その「湯あみ着」の活動に至った経緯を教えてください。
飯塚:私が通っている共愛学園前橋国際大学で、「バーチャルカンパニー」という授業があったことがきっかけです。この授業のコンセプトが、「地域の人と協働して、社会問題を解決するような売れる商品を開発しよう」というものでした。私が所属している国際社会学部は、そうした地域社会と関わる授業が比較的多い環境なんです。私は1年次と2年次に履修しました。
授業の一環から、実際の県の事業に関わることになったのですね。
飯塚:はい。そこで一昨年の2023年度にあった群馬県の「サウナ・スパ関連商品等開発支援事業」というものに参加させていただきました。地域の製造業の企業さんとチームを組み、「自分たちにできる社会課題の解決は何だろう」と調べ、話し合った時に、「温泉に入りたくても入れない人がいる」という課題に気がついたんです。そこから湯あみ着の開発が始まりました。

最初はどのような方に向けたものだったのでしょうか。
飯塚:作り始めた当初は、アトピーなど肌に悩みを持つ方向けに作っていました。でも、活動を続ける中でいろいろな繋がりが生まれまして。乳がん患者である藤井佳津枝さんという方と出会ったんです。その方は実際に乳がんで湯あみ着を使い、それを広める活動をされていました。その方と協働して1年間活動を続ける中で、視野がどんどん広がっていきました。

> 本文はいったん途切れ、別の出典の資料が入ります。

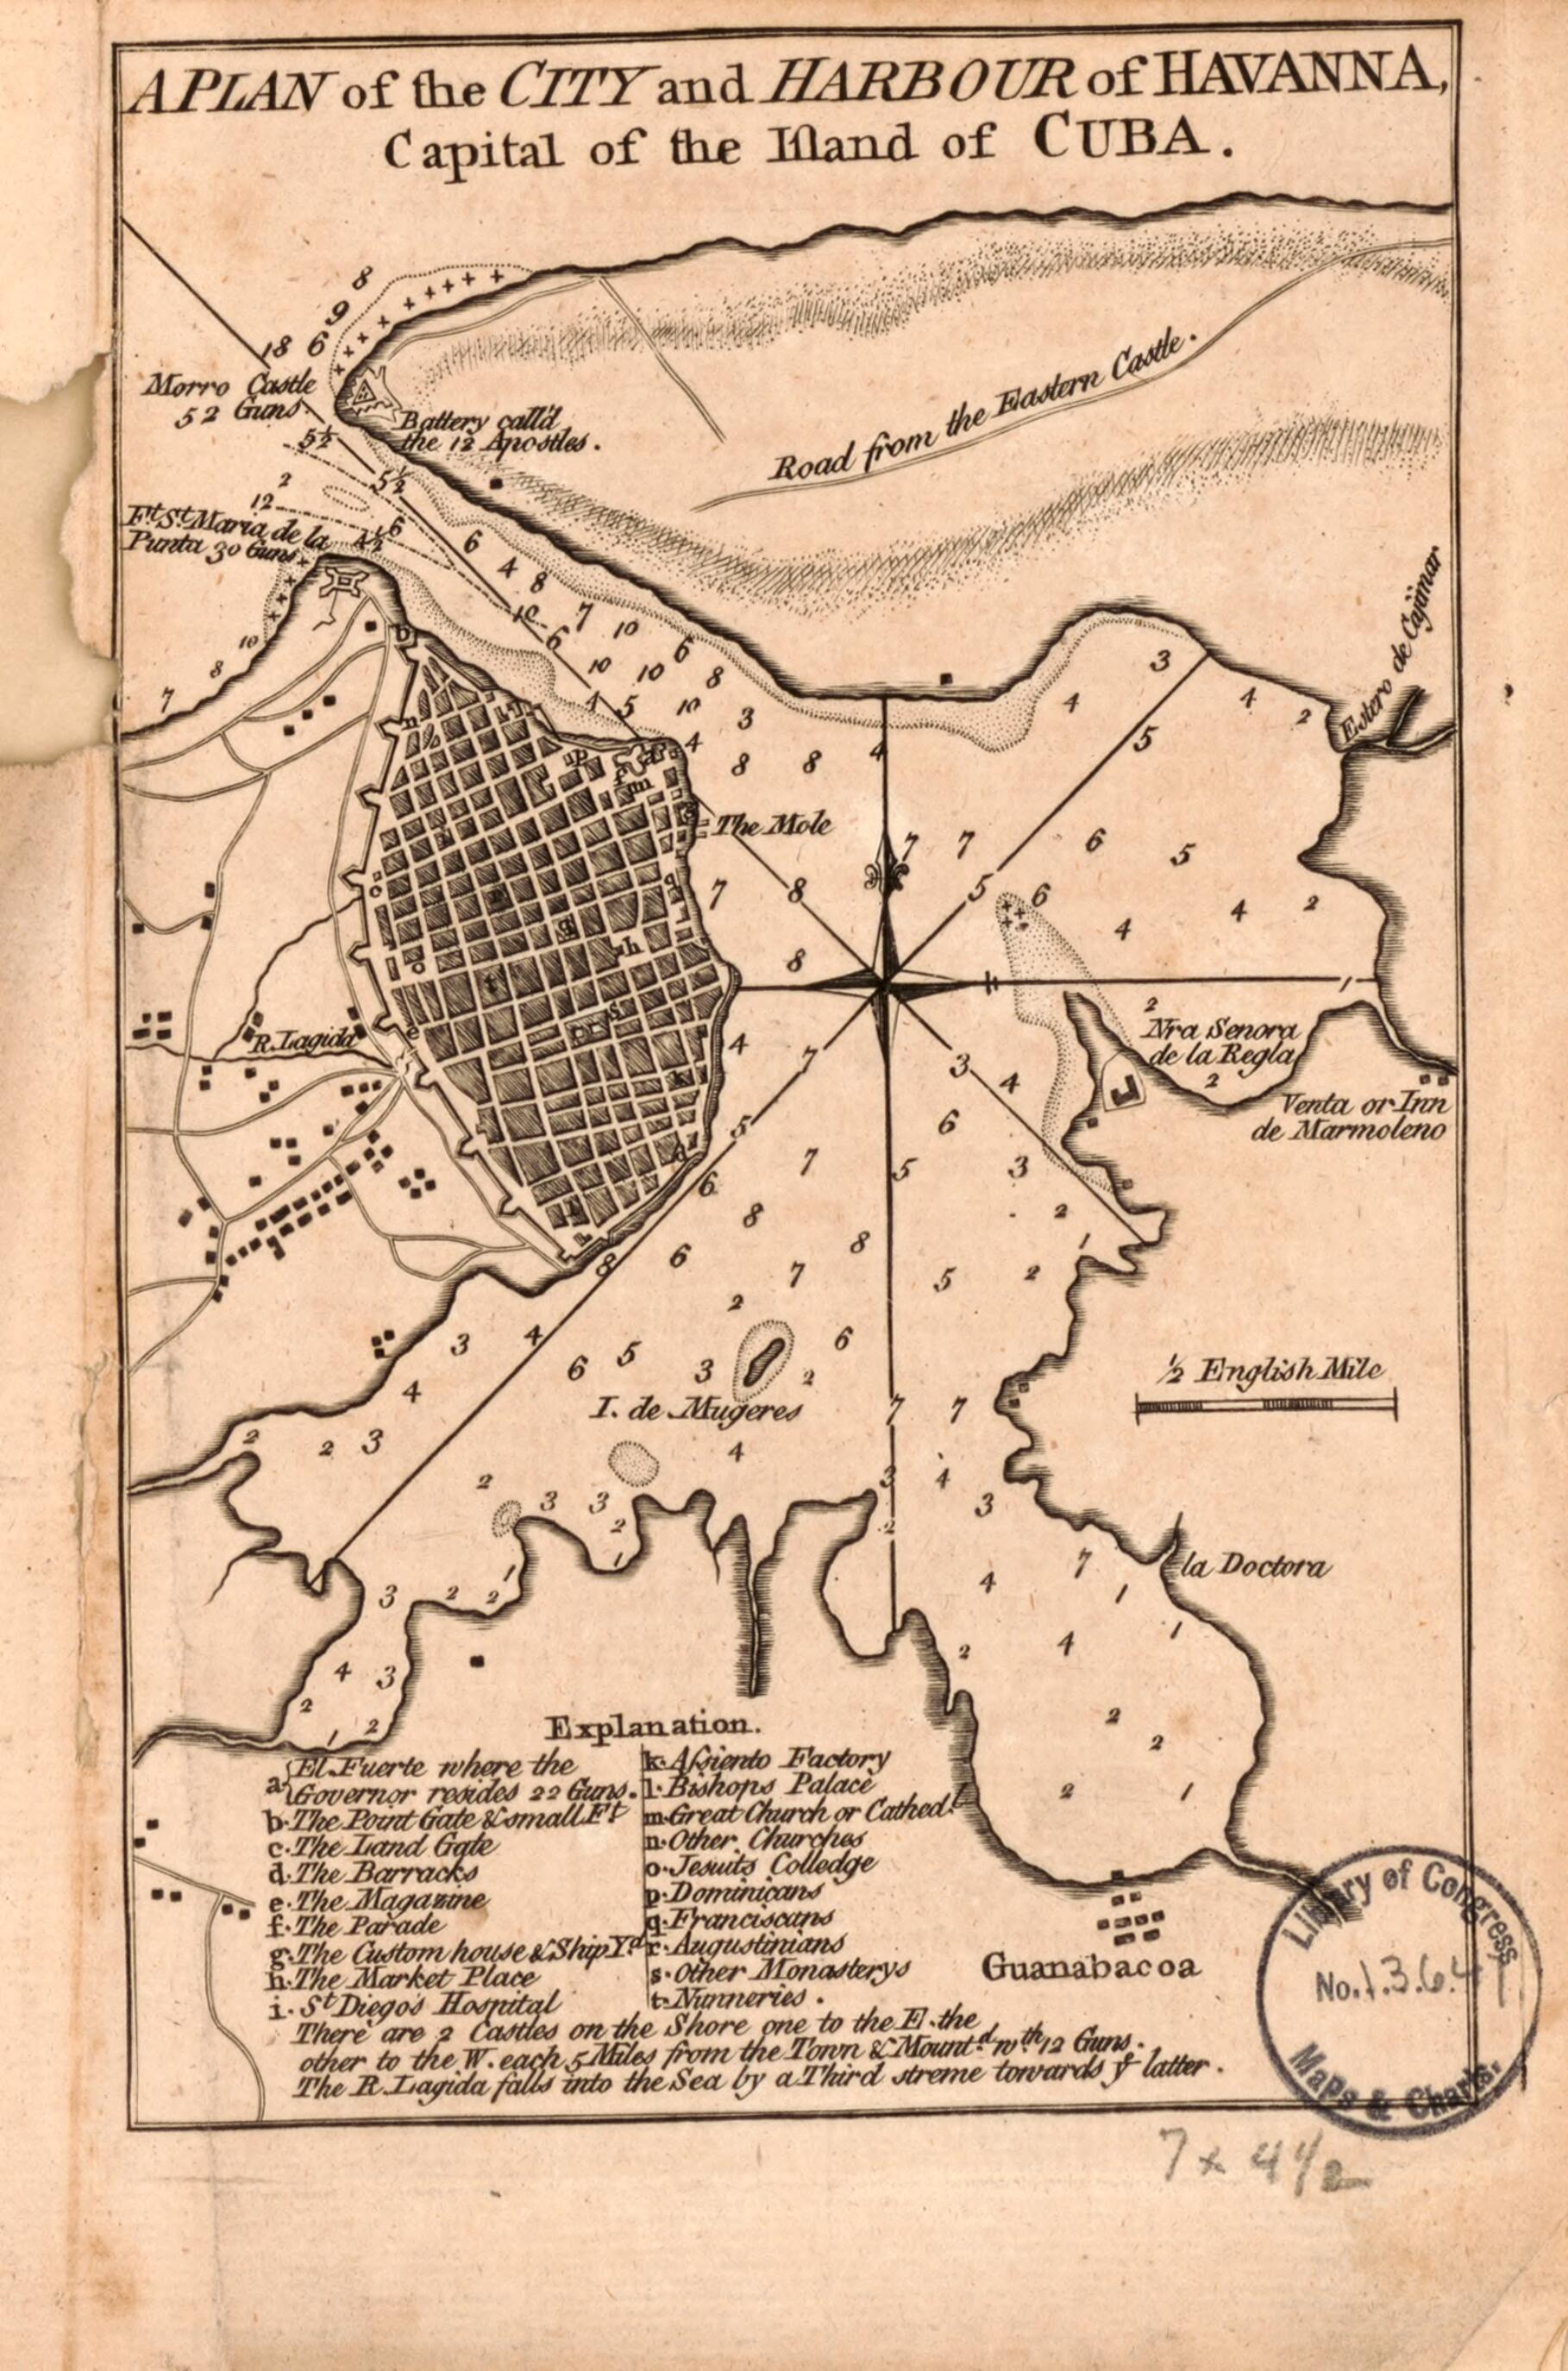 This old map of A Plan of the City and Harbour of Havanna, Capital of the Island of Cuba from 1762 was created by  in 1762

乳がんの方だけでなく、さらにターゲットが広がっていったのですか?
飯塚:そうです。乳がんの方だけでなく、外国人の方や、宗教的な理由で肌を露出できない方、ジェンダーの問題を抱えている方、あるいは単純に「裸になるのが恥ずかしい」という方も必要としているのではないかと考えるようになりました。ですので、今はターゲットを限定せず、「誰もが着られて、平等に温泉に入れるように」ということを目指して活動しています。
大学の授業からスタートしたプロジェクトですが、現在は学生団体として活動されているのですよね。
飯塚:はい。最初は授業のチームだったのですが、授業の枠組みから離れて「燈(とぼし)」という学生団体を立ち上げました。元々の群馬県の事業だったチームのプロジェクトとして、私たち学生が主体となりつつ、企業の皆さんやレース屋さん、構成をしてくださる方、マーケターとして仕掛けを作ってくれる方、そして先ほどお話しした乳がん患者の方などが協働するプロジェクトチームとして活動を続けています。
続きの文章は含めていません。